Assuming additive volumes, what will be the molarity of the solution that results when 35.5 mL of 2.00 M HNO3 is added to 214.5 mL of water?
0.284 M
2.00 M HNO3 x (35.5/(35.5 + 214.5) = ?
To determine the molarity of the resulting solution when two solutions are mixed, you can use the formula:
M1V1 + M2V2 = MFVF,
where M1 and V1 are the molarity and volume of the first solution, M2 and V2 are the molarity and volume of the second solution, and MF and VF are the molarity and volume of the resulting solution.
In this case, the first solution is 2.00 M HNO3 with a volume of 35.5 mL, and the second solution is water with a volume of 214.5 mL.

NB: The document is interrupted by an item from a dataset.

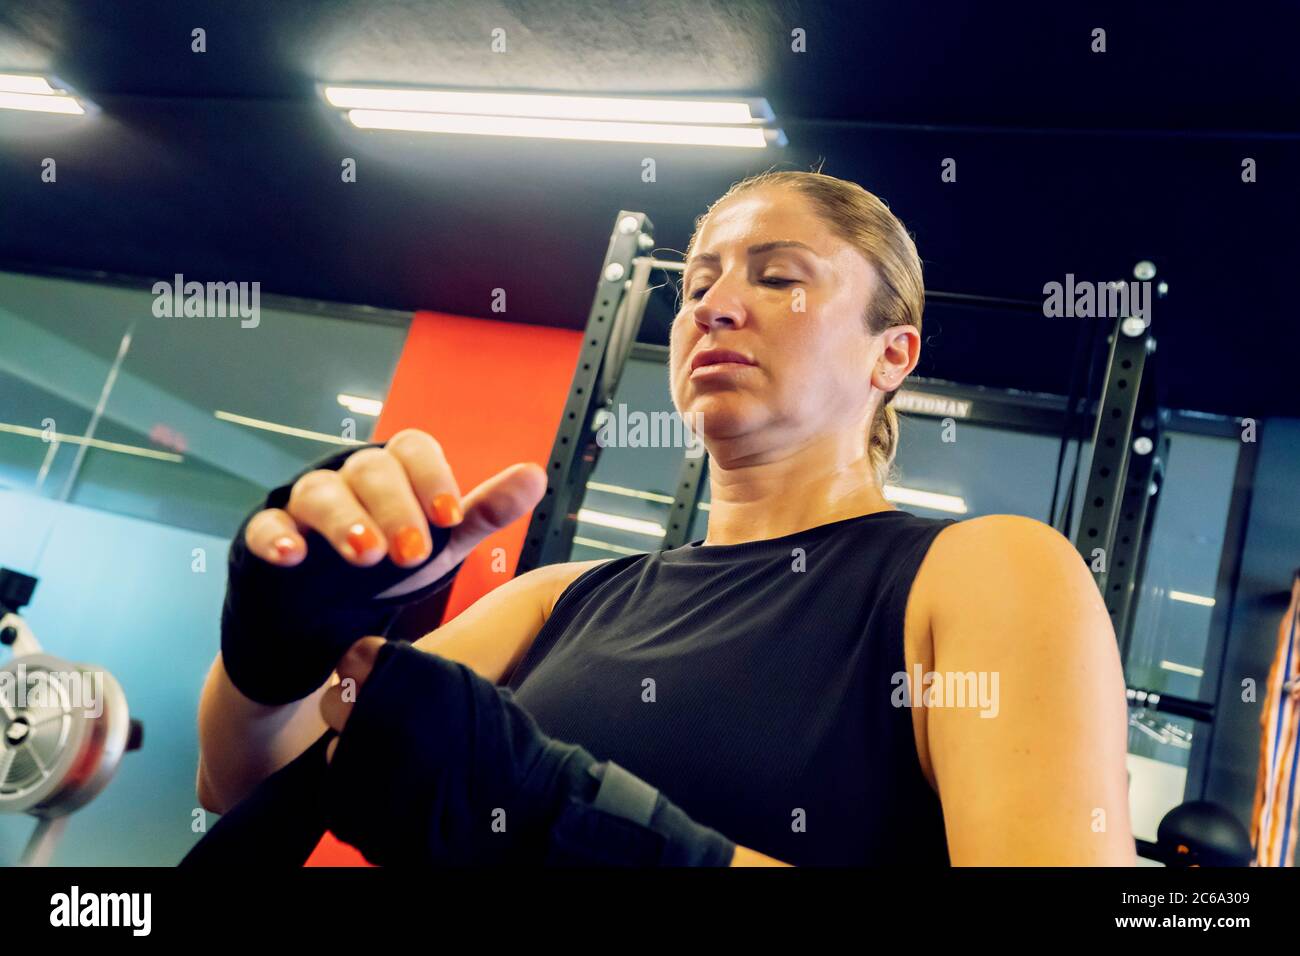 Frau im Fitness-Salon bereitet sich auf ihr Kickboxen-Training vor. Sie trägt Schwarz und bindet eine Art Verband an ihre Hände Stockfoto

Using the formula, we have:
(2.00 M)(35.5 mL) + (0 M)(214.5 mL) = MF(35.5 mL + 214.5 mL)
Simplifying the equation, we get:
(2.00 M)(35.5 mL) = MF(250 mL)
Dividing both sides by 250 mL, we have:
(2.00 M)(35.5 mL) / 250 mL = MF
Solving the equation, we find:
MF = 0.284 M
Therefore, the molarity of the resulting solution is 0.284 M.

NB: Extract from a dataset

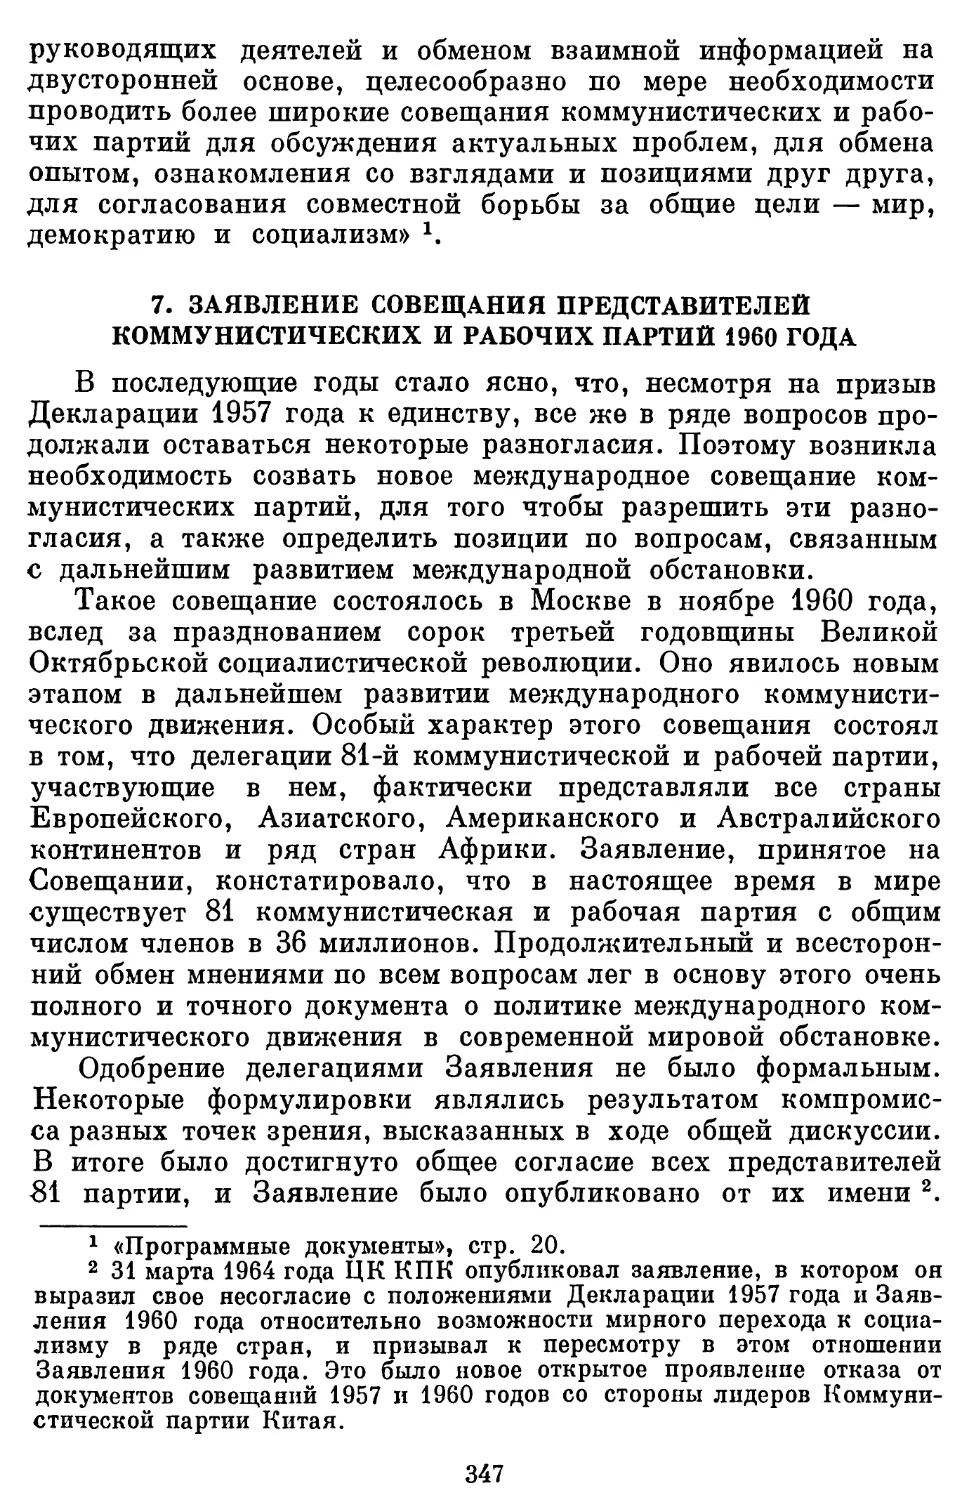 7. Заявление Совещания представителей коммунистических и рабочих партий 1960 года

To calculate the molarity of the resulting solution, you can apply the formula:
M1V1 + M2V2 = M3V3
Where:
M1 and V1 are the molarity and volume of the first solution (2.00 M HNO3 in this case)
M2 and V2 are the molarity and volume of the second solution (water in this case)
M3 is the molarity of the resulting solution
V3 is the total volume of the resulting solution
Let's plug in the given values:
M1 = 2.00 M
V1 = 35.5 mL (convert to liters by dividing by 1000) = 0.0355 L
M2 = 0 M (since water has no molarity)
V2 = 214.5 mL (convert to liters by dividing by 1000) = 0.2145 L
M3 = ?
V3 = V1 + V2 = 0.0355 L + 0.2145 L = 0.25 L
Now, rearrange the formula to solve for M3:
M3 = (M1V1 + M2V2) / V3
M3 = (2.00 M * 0.0355 L + 0 M * 0.2145 L) / 0.25 L
M3 = (0.071 M * 0.00071 L) / 0.25 L
M3 = 0.000071 M / 0.25 L
M3 = 0.284 M
Therefore, the molarity of the resulting solution is 0.284 M.